For the second generation of contacts the probability equals the summation of random variables because we assume that the infection from infected person to the first contact generation is independent from the first to the second generation. Thus, a convolution of two identical gamma distributions has to be conducted. For gamma distributions the convolutions of gamma distributions equals the summation of their first parameters [2]. Thus, the density for the second generation of infected persons showing symptoms is given by a gamma distribution with 2⋅ shape_serial and the same rate_serial. In general, the serial interval for the i-th generation of contacts can be calculated with a gamma distribution with parameters i shape_serial and rate_serial.

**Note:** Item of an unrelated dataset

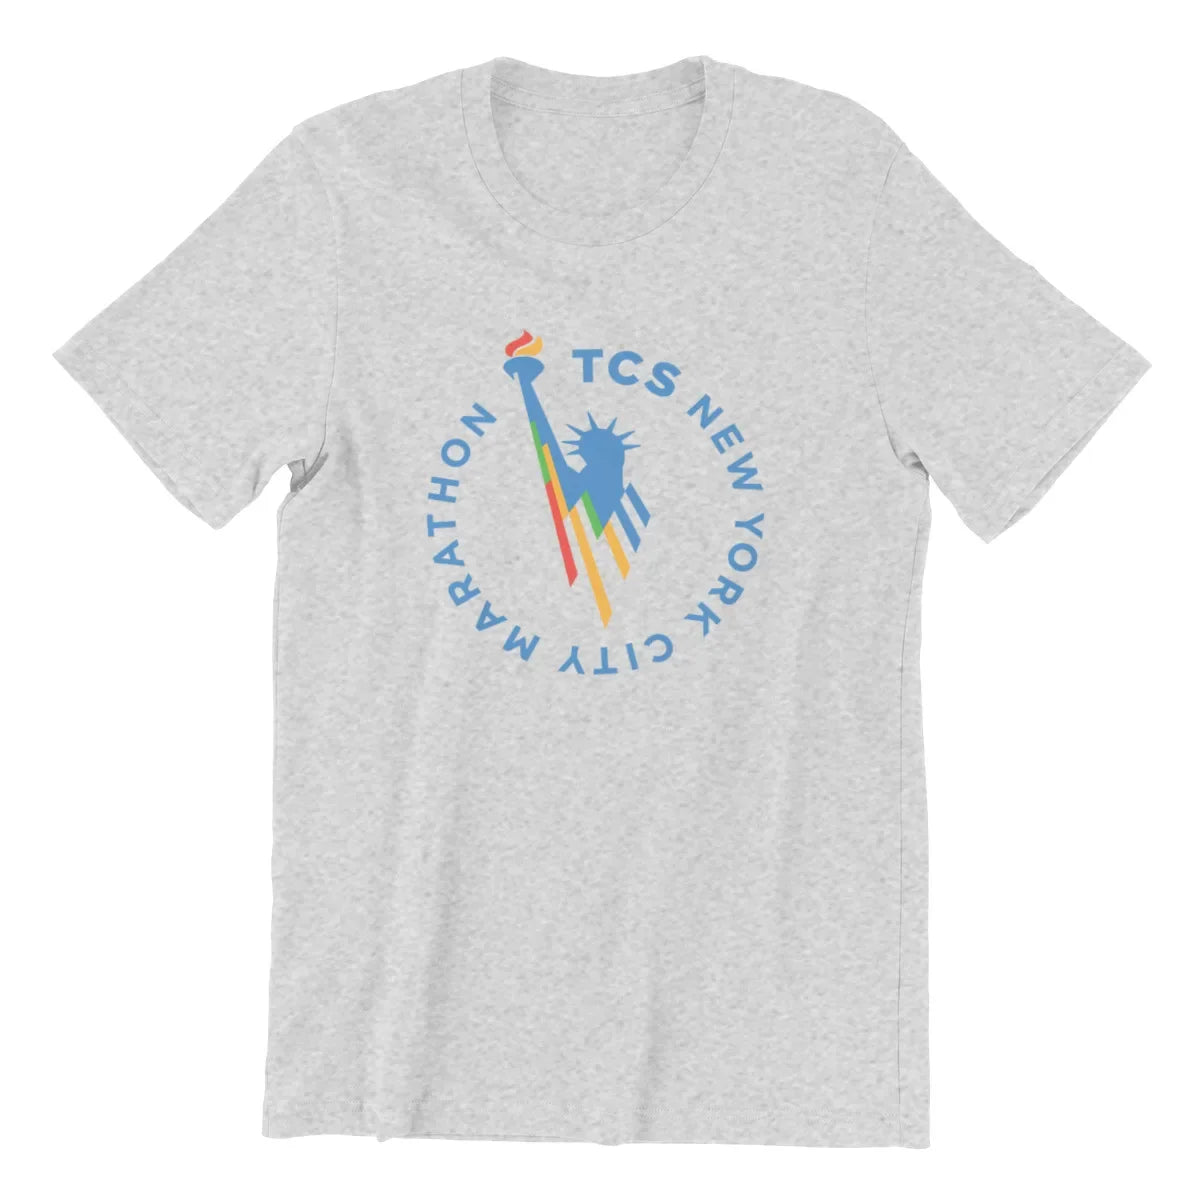 TCS New York City Marathon T-Shirt

This holds in an analogous way for the third generation.

Output

The function call returns the following data set:

values 100 to 109 of resulting data frame
dates distribution
100 2022-01-01 04:00:00 0.1233038
101 2022-01-01 05:00:00 0.1227971
102 2022-01-01 06:00:00 0.1222783
103 2022-01-01 07:00:00 0.1217479
104 2022-01-01 08:00:00 0.1212064
105 2022-01-01 09:00:00 0.1206542
106 2022-01-01 10:00:00 0.1200916
107 2022-01-01 11:00:00 0.1195191
108 2022-01-01 12:00:00 0.1189372
109 2022-01-01 13:00:00 0.1183462

The data frame shows for each hour beginning at symptom_begin_date until max_serial_interval_days the resulting density of the gamma distribution. This density can be used for calculating the most probable period for a contact person start showing symptoms. The same data frame is obtained for the second generation. Here, the time interval of the distribution is larger.

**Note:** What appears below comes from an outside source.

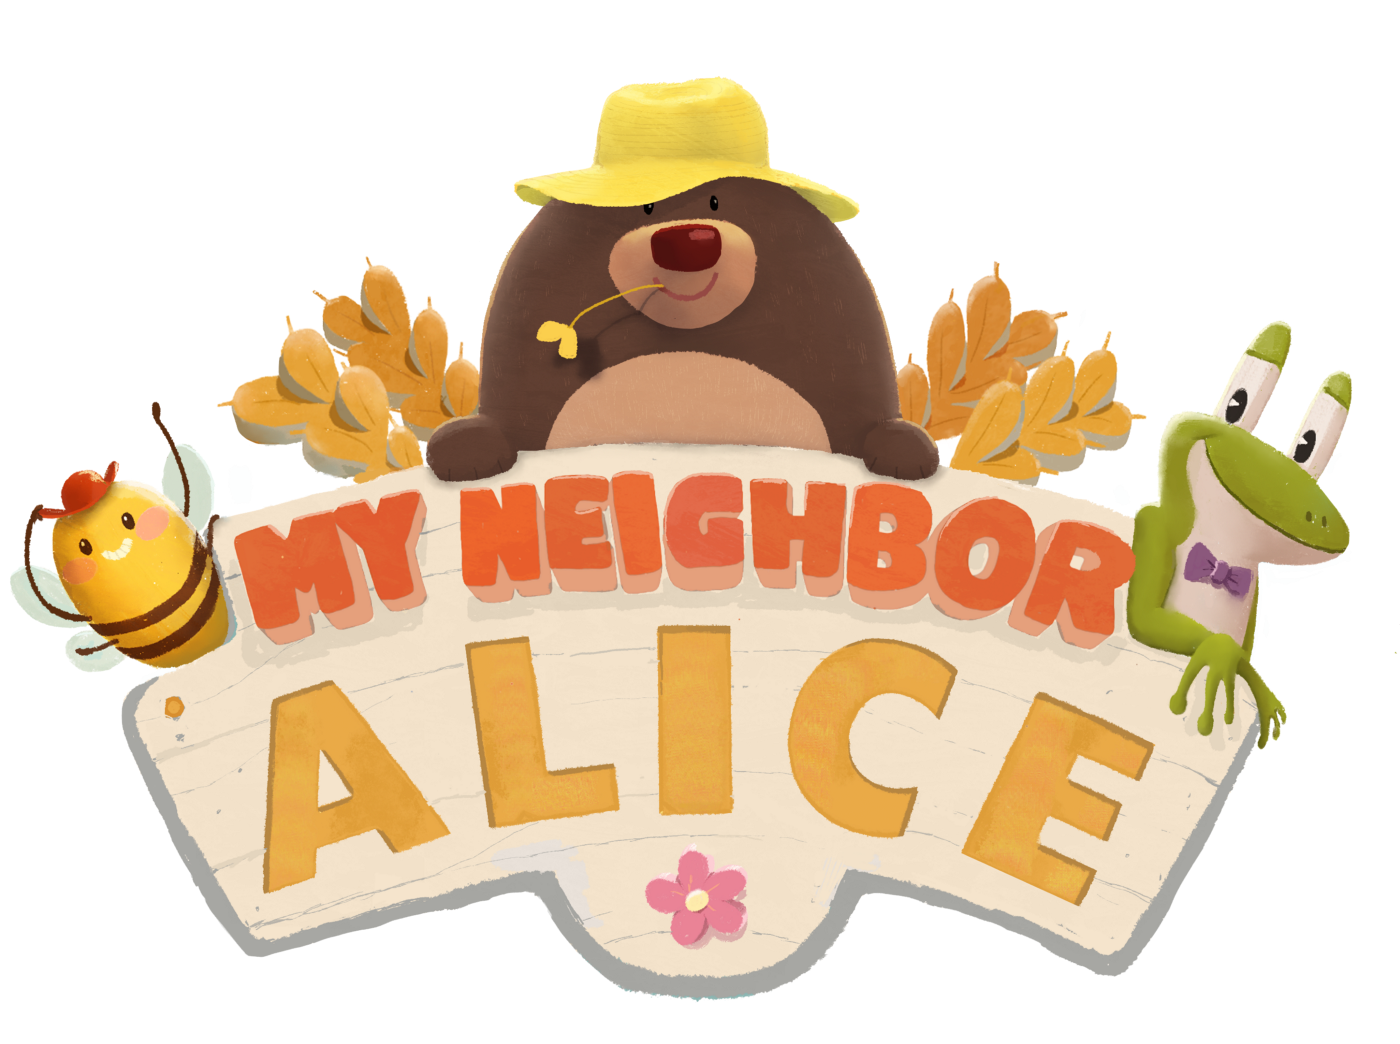 Buy My Neighbour Alice

symptom_begin_date <- as.Date("2021-12-28")
max_serial_interval_days <- 20
shape_serial <- 2 * 2.154631545
rate_serial <- 0.377343528

serial_in_df_v2 <- get_serial_interval_density(symptom_begin_date,
                                               max_serial_interval_days,
                                               shape_serial,
                                               rate_serial)
values 100 to 109 of resulting data frame
dates distribution
100 2022-01-01 04:00:00 0.0383758
101 2022-01-01 05:00:00 0.0390547
102 2022-01-01 06:00:00 0.0397325
103 2022-01-01 07:00:00 0.0404089
104 2022-01-01 08:00:00 0.0410838
105 2022-01-01 09:00:00 0.0417569
106 2022-01-01 10:00:00 0.0424281
107 2022-01-01 11:00:00 0.0430971
108 2022-01-01 12:00:00 0.0437638
109 2022-01-01 13:00:00 0.0444279

Visualization example of the data frame of get_serial_interval_density

The following code generates a plot with the gamma distribution of the illness probability of the first contact generation and the 80% and 95% high density intervals. In addition, the illness probability for the second generation is plotted in violet.

Source
.calculate_qstart_qend <- function(probability, df) {
    hdr_df <- hdr(den = data.frame(x = 1:length(df$distribution), y = df$distribution),
                  p = probability * 100)$hdr
    qstart <- (hdr_df[1, 1] - 1) / 24
    qend   <- (hdr_df[1, 2] - 1) / 24
  return(list("qstart" = qstart, "qend" = qend))
}
Source
.shade_curve <- function(df, qstart, qend, fill = "red", alpha = 0.4) {
  subset_df <- df[floor(qstart * 24):ceiling(qend * 24), ]
  geom_area(data = subset_df,
            aes(x = x, y = y), 
            fill = fill, 
            color = NA, 
            alpha = alpha)
}
Source
  symptom_begin_date <- as.Date("2021-12-28")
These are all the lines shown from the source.